% \documentclass{uai2023} % for initial submission
\documentclass[accepted]{uai2023} % after acceptance, for a revised
                                    % version; also before submission to
                                    % see how the non-anonymous paper
                                    % would look like

%% There is a class option to choose the math font
% \documentclass[mathfont=ptmx]{uai2023} % ptmx math instead of Computer
% Modern (has noticable issues)
% \documentclass[mathfont=newtx]{uai2023} % newtx fonts (improves upon
 % ptmx; less tested, no support)
% NOTE: Only keep *one* line above as appropriate, as it will be replaced
%       automatically for papers to be published. Do not make any other
%       change above this note for an accepted version.

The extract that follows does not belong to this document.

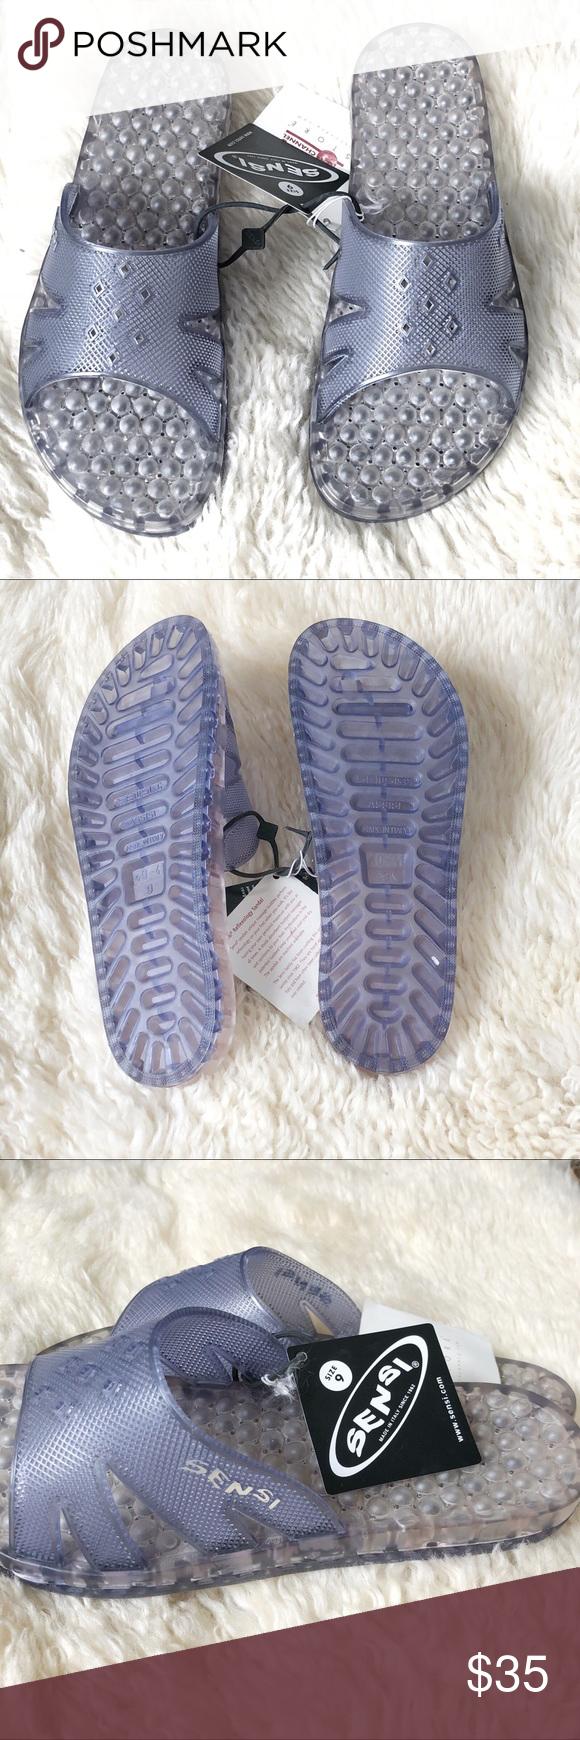 6dc6c612f14adb NEW Sensi Reflexology Spa Slides Sandals Size 9 Sensi Reflexology ...

%% Choose your variant of English; be consistent
\usepackage[american]{babel}
% \usepackage[british]{babel}

%% Some suggested packages, as needed:
\usepackage{natbib} % has a nice set of citation styles and commands
    \bibliographystyle{plainnat}
    \renewcommand{\bibsection}{\subsubsection*{References}}
\usepackage{mathtools} % amsmath with fixes and additions
% \usepackage{siunitx} % for proper typesetting of numbers and units
\usepackage{booktabs} % commands to create good-looking tables
\usepackage{tikz} % nice language for creating drawings and diagrams

% for cross referencing the main text
% PLEASE ONLY USE xr IN THE SUPPLEMENTARY MATERIAL. 
% In the main paper, hard code any cross-reference to the supplementary material. 
\usepackage{xr} 

\usepackage{algorithm}
\usepackage{algorithmic}
\usepackage[algo2e, ruled, vlined]{algorithm2e}
\usepackage{colortbl}
\usepackage{amsthm}
\usepackage{subfigure}
\input{math_commands.tex}


%% Provided macros
% \smaller: Because the class footnote size is essentially LaTeX's \small,
%           redefining \footnotesize, we provide the original \footnotesize
%           using this macro.
%           (Use only sparingly, e.g., in drawings, as it is quite small.)

%% Self-defined macros
\newcommand{\swap}[3][-]{#3#1#2} % just an example

\let\oldnl\nl
\newcommand{\nonl}{\renewcommand{\nl}{\let\nl\oldnl}}


\title{Vacant Holes for Unsupervised Detection of the Outliers in \\ Compact Latent Representation\\(Supplementary Material)}

% The standard author block has changed for UAI 2023 to provide
% more space for long author lists and allow for complex affiliations
%
% All author information is authomatically removed by the class for the
% anonymous submission version of your paper, so you can already add your
% information below.
%
% Add authors
\author[1]{\href{mailto:<m.glazunov@tudelft.nl>?Subject=Your UAI 2023 paper}{Misha~Glazunov}{}}
\author[2]{Apostolis~Zarras}

% Add affiliations after the authors
\affil[1]{%
    Delft University of Technology\\
    the Netherlands
}
\affil[2]{%
    University of Piraeus\\
    Greece\\
}
  
\begin{document}
  
\onecolumn %% Turn this off if single column is desired for the supplement
\maketitle

\appendix





\section{Preservation of compactness under continuous mapping}
$\textbf{Lemma:}$ Let $f:\mathcal{X} \to \mathcal{Y}$ be a continuous mapping from a topological space $\mathcal{X}$ to a topological space $\mathcal{Y}$. If $\mathcal{X}$ is compact then its image $f[\mathcal{X}]$ is also compact.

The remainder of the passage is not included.